*TASK ITEM*
Below are the entries. Transcribe exactly the lines from the one with "Land_Rover_130_Expedition_medium_0000_Layer 12.jpg" through the one with "computer hardware - peripherals stock image", ends included, and leave out all others.

*INFORMATION GIVEN*
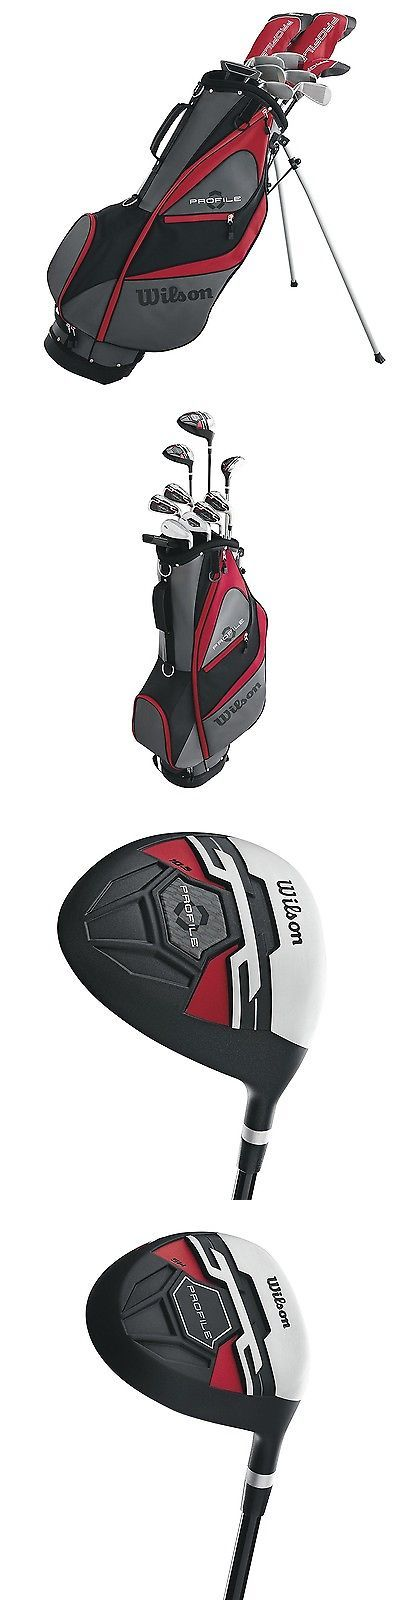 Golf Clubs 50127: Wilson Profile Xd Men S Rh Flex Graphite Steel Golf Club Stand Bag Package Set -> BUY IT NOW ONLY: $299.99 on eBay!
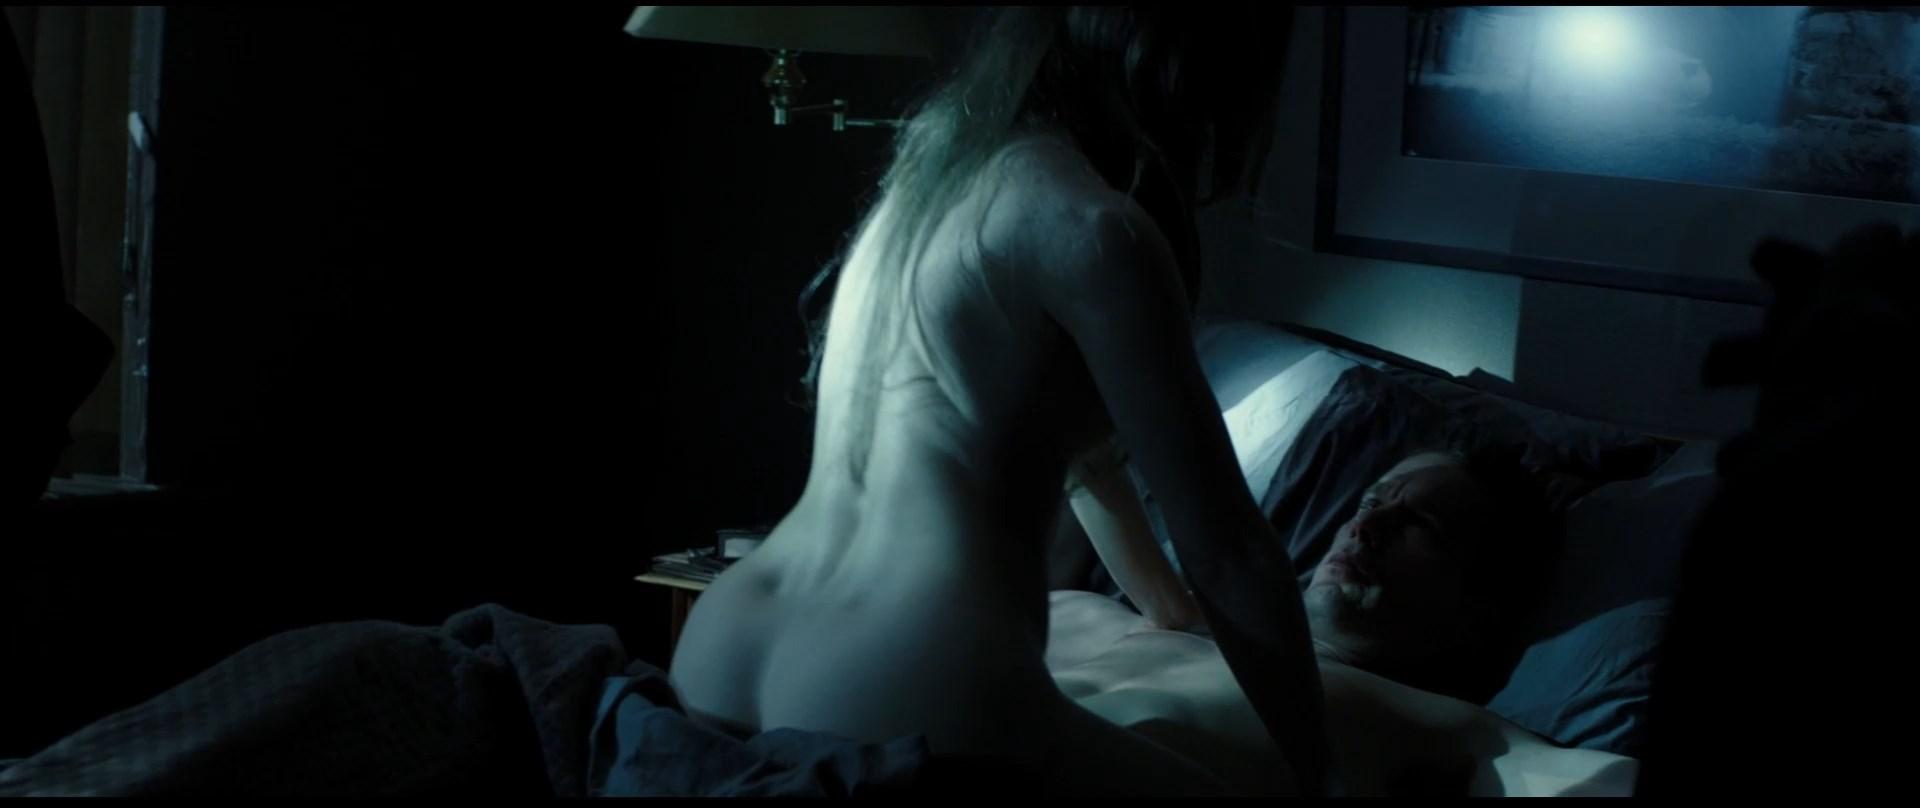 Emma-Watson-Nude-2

* * *

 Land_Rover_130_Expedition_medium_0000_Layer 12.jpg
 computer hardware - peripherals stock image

*YOUR RESPONSE*
 Land_Rover_130_Expedition_medium_0000_Layer 12.jpg
 computer hardware - peripherals stock image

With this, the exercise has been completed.